By partaking in this volunteer opportunity, I was able to see that through volunteering you are able to find yourself in another world that may not interact with the world in which you live. Volunteering gives you not only the opportunity to give back to the community but to get involved and maybe even make a difference in one person’s life whether it is big or small. I think by doing this volunteer experience I was able to learn a little bit more about the place that I am currently calling home from a generation that is very different from my own in the ways that they live their lives. Service work relates to the definition that we created as a class depicting the “Global Community” because it incorporates a shared living space with interdependent individuals endowed with universal human rights. Service work is related to this because it always traces back to people. Whether the work has to do with the environment or animals, people are the ones who committed the act or are the ones dedicated to making the difference so the interdependentness makes it so that everyone is related in a sense.

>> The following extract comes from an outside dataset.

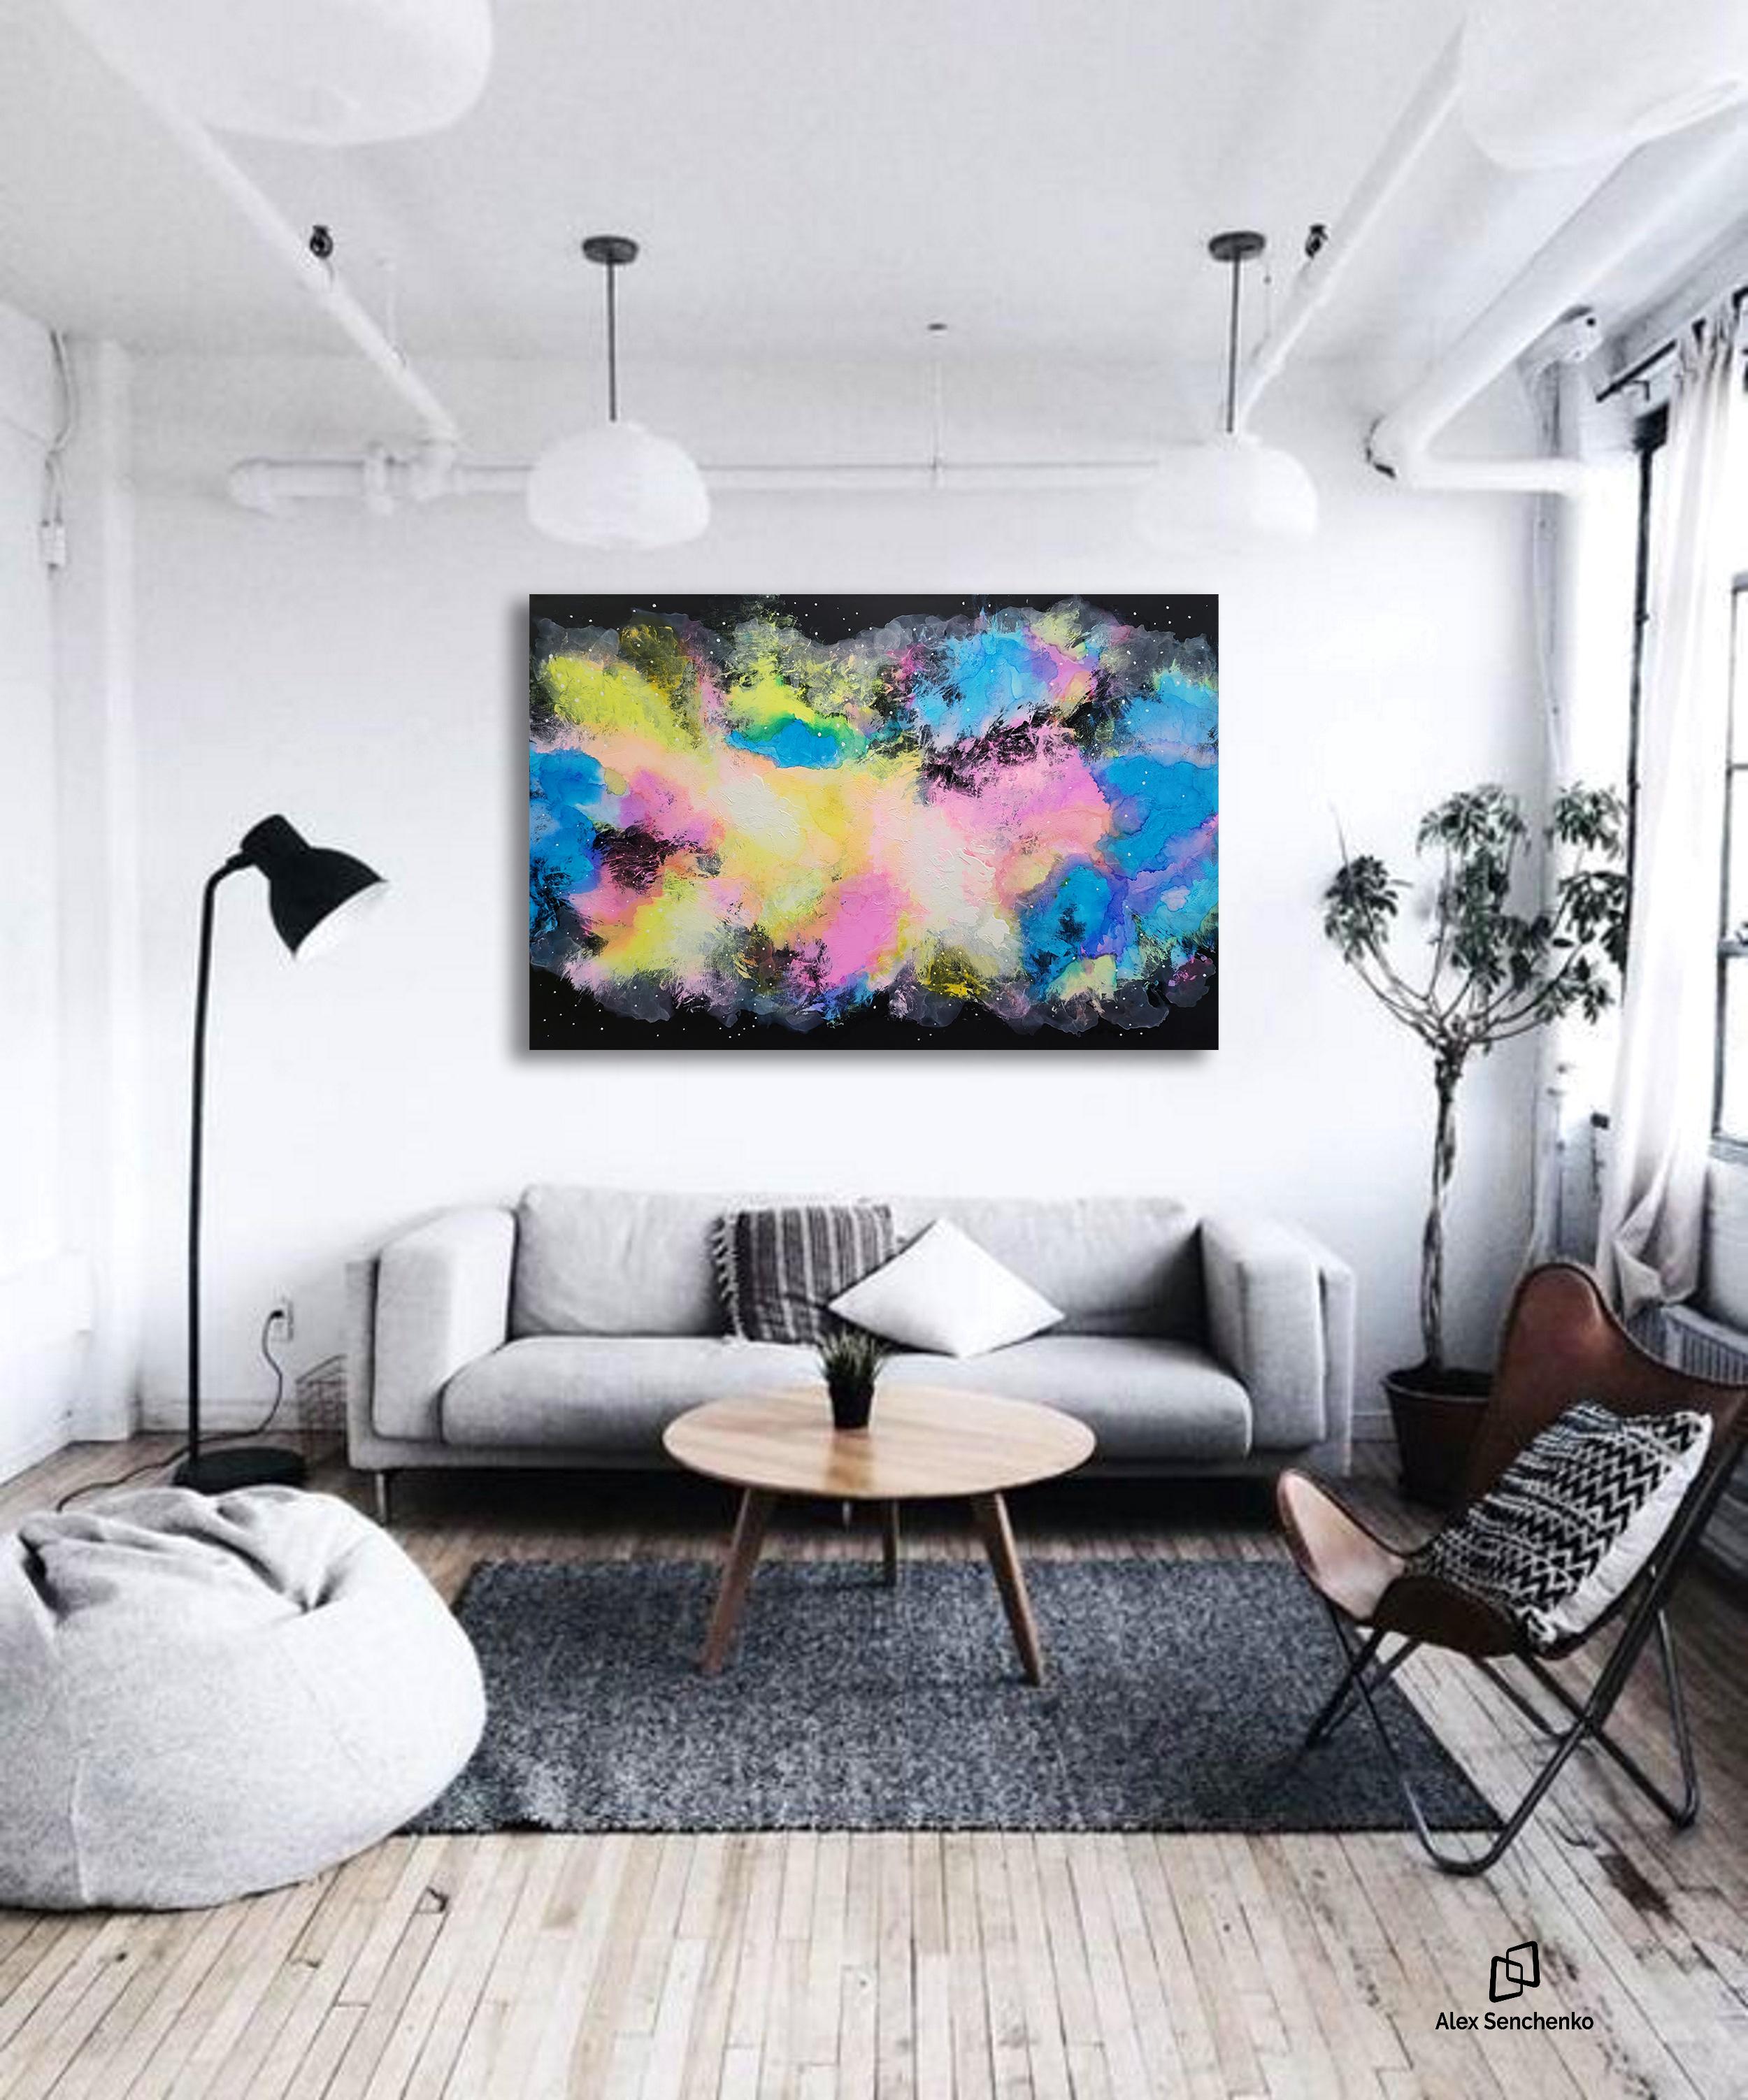 There’s something different about the homes of creative people. They like to surround themselves with inspiring things, from unique tablecloths to the incredible paintings on the walls. Alex Senchenko’s - Exhibit 2203 - can give your home that

The first step in this journey is to venture outside our comfort zones and get involved directly and personally in the lives of others, especially those occupying the margins of society…to create respectful and mutually beneficial relationships.” –Richard Slimbach

old ladiesNot only does this picture depict the community service but also it incorporates the community that I serviced by partaking in this wonderful opportunity. I had the pleasure of spending a day with these ladies and getting to know them and the lives that they lead today as well as the lives that they left behind. The faces that you see in the image are faces that I will not forget because I was able to get to know their stories. They told me about the jobs that they held in the past, we talked about their families and even though it’s not polite to talk about it, we even talked about politics. The women that I spent the most time with, Patty, told me that our conversation was the most fun she had had in a long time and it was the most she had opened up to a person. The only thing she needed was an ear to listen and maybe someone to come up with some of the conversation topics, but I didn’t do anything special, I was just being myself and that’s and that was required. Service work doesn’t take much; it just takes one person willing to make a difference.


One thought on “Travel Log 12 “Service” by Chris Wilner, London, England

  1. Hey Chris! It is so ironic that your service opportunity included interacting with elders. I, too, had a service experience that was similar in this way. I volunteered at the UNICEF headquarters, making dolls to sell and raise proceeds for vaccines for sick children in third-world countries. As much as this experience was for the children, there were expert doll-makers there to help us! Many of them ranged from 70-90, and having the opportunity to practice speaking Italian with them AND hearing their life stories were my fondest moments spent abroad. Like you, I learned so much about the importance of family, especially when it comes to cherishing those who only have so much time left. They are the beholders of tradition, and it is so important for the youth, like us, to take their wisdom and apply it to our own lives. So glad to hear this had such a positive impact on you as it did for me!